# Kinder Goats



## moms_pantry (Jan 8, 2009)

I have been reading a little about Kinder goats. Does anyone on here raise them? I have not found any breeders in Louisiana that I could go talk to about this breed. Thanks for any information you can give me.


----------



## Cedar Point Kikos (Oct 16, 2013)

No, I don't have Kinders, but I have researched the breed and I think Kinders are a neat little goat  Hopefully someone here does have them, and posts pictures of them!


----------



## ksalvagno (Oct 6, 2009)

Janeen128 has them. Hopefully she will see this thread.


----------



## MHRFarmstead (Mar 21, 2015)

moms_pantry said:


> I have been reading a little about Kinder goats. Does anyone on here raise them? I have not found any breeders in Louisiana that I could go talk to about this breed. Thanks for any information you can give me.


We are a bit aways from Louisiana, but we have Kinders! What info are you looking for? If we don't know the answer, we can definitely find out or point you in the right direction!
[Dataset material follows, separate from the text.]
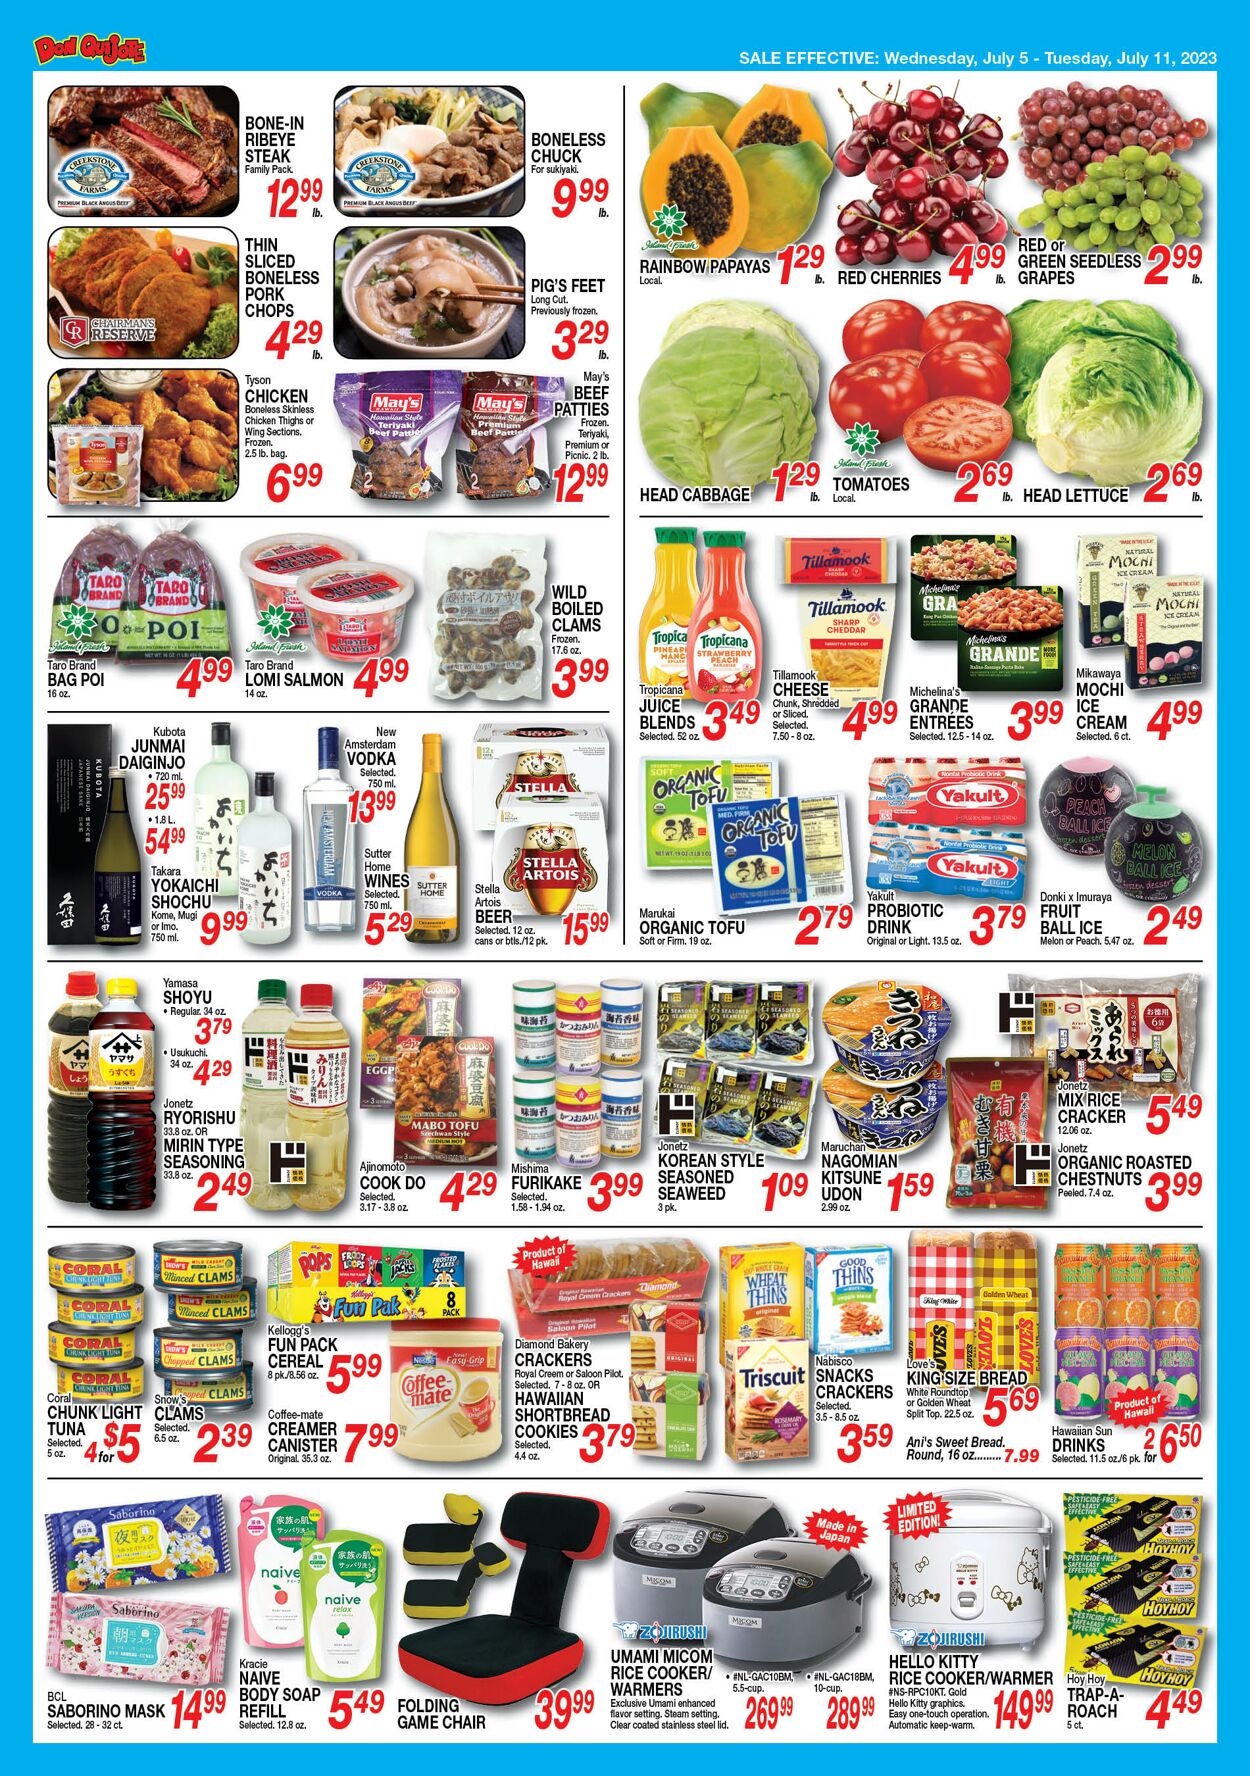 Catalogue Don Quijote Hawaii from 07/05/2023

Here is a Facebook link that might be of interest for you too!
http://www.facebook.com/groups/kinderclassifieds/


----------



## krystyl_rose (Feb 27, 2016)

I know that this thread is a little old, but if you haven't found a breeder yet you can always look on the KGBA website. http://www.kindergoatbreeders.com/Breeders.html
There aren't any in Louisiana, but there are LOTS in Missouri.


----------